Arthur J Pais in Toronto

There was a lot more of India at the Toronto International Film Festival than just Lagaan and Monsoon Wedding.

One of the most lauded entries at the Toronto film fest was the 90-minute documentary, Feast Of Death, produced and directed by Vikram Jayanti. He is also the co-producer of Once We Were Kings, an Oscar-winning documentary on the 1974 heavyweight championship bout in Zaire between George Foreman and challenger Muhammad Ali.

This time, Jayanti explores the life of James Ellroy, one of America's most intriguing and respected of writers, whose bestsellers include American Tabloid and who ruminates about life and death, especially of his own mother when he was barely ten.

Then there was ponytailed Pan Nalin, often mistaken for the young Digvijay Singh, maker of Maya.

Nalin's film, Samsara, was one of the best received of the festival events. A German, French and Italian co-production, Samsara is the story of a spiritual dilemma and divinity. The film is based in Ladakh.

The filmmaker, whose given name is Nalin Kumar Pandya, was born and raised in Gujarat. He says his spiritual quest led him on several pilgrimages, even as he worked his way through the Bombay film industry. Now based in Paris, Nalin makes documentary and commercial films. It took him nearly seven years to make Samsara.

Among the documentaries he has made or has collaborated on, are Ayurveda -- Art of Being and The Amazing World: India. BBC, Canal Plus and National Geographic are among the many organisations that he has worked for in the past decade.

"I grew up in a small Gujarat village that was nobody's destination," Nalin, who is in his late 30s, says. He began working very early in his childhood, selling chai (tea) at the train station in Adatala. There was poverty at home but richness was never missing, he says, adding the warmth and love he got from his parents and relatives cannot be weighed.

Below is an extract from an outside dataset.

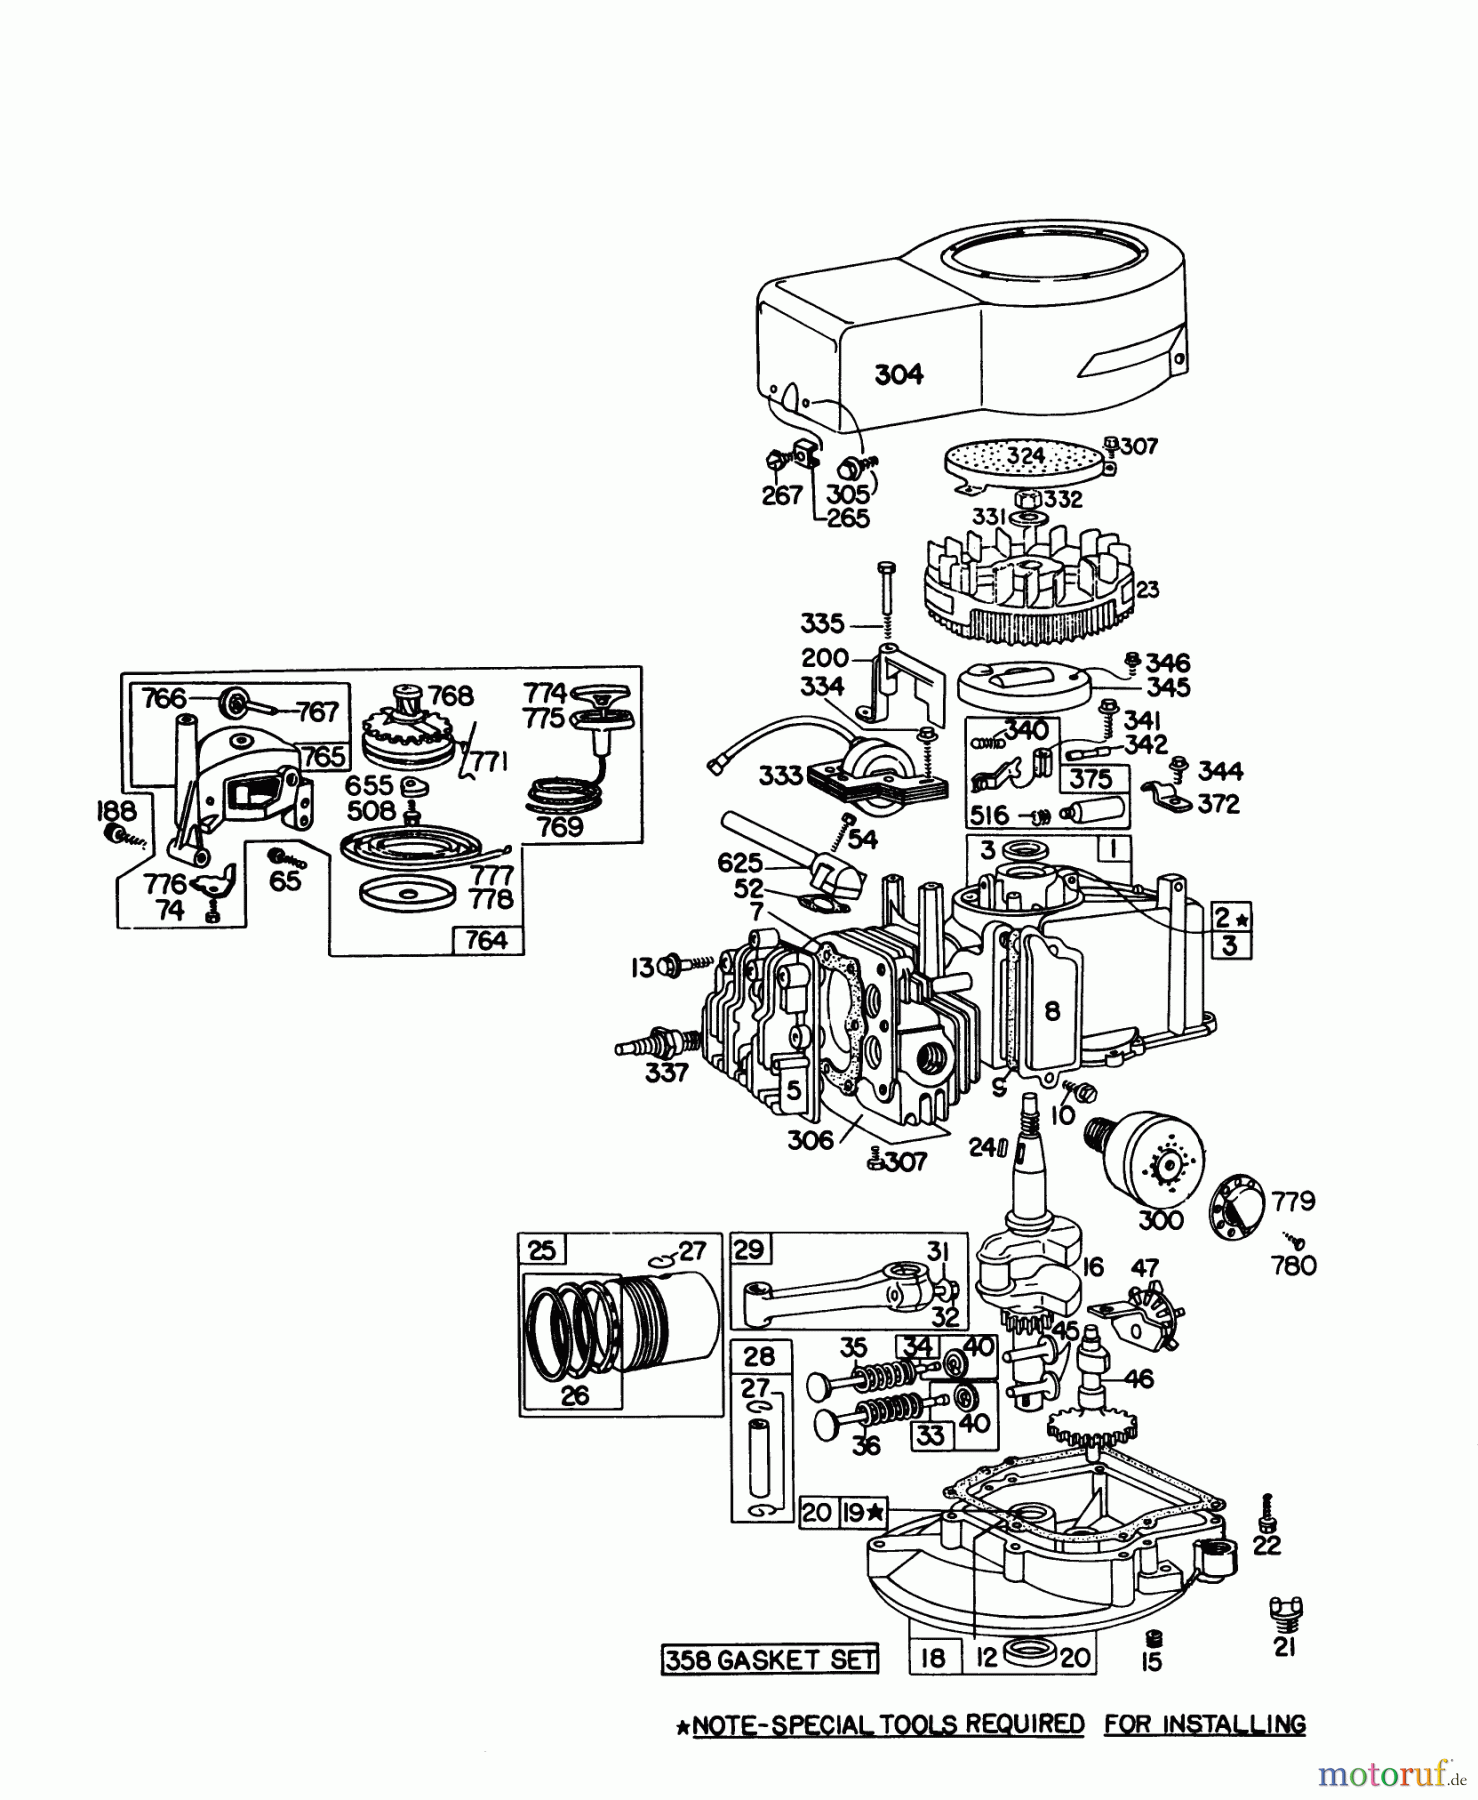  Toro Neu Mowers, Walk-Behind Seite 1 16067 - Toro Whirlwind II Lawnmower, 1978 (8000001-8999999) ENGINE BRIGGS & STRATTON MODEL 92908-1895-01 FOR 21

"The richest thing I got from my parents was the spiritual upbringing," he continues. He would not lose sight of his spiritual heritage even as the film industry beckoned him, after he was mesmerised by films from the age of nine.

Samsara tells the story of Tashi, a lama who leaves his monastery to become a farmer, and wonders if he made the right decision. It is also the story of Prema, his wife, who posses the qualities of a sage.

"It is all about living or leaving or both," Nalin notes. "At one point or another in our lives, we are tempted to change things," he says. "Escape or leave everything and go somewhere..."

He made the film without any well-known actors because he says he believes his films have to be simple and unaffected. "Like Zen, less is more," he notes, adding his professional approach to films could be called Zenematography.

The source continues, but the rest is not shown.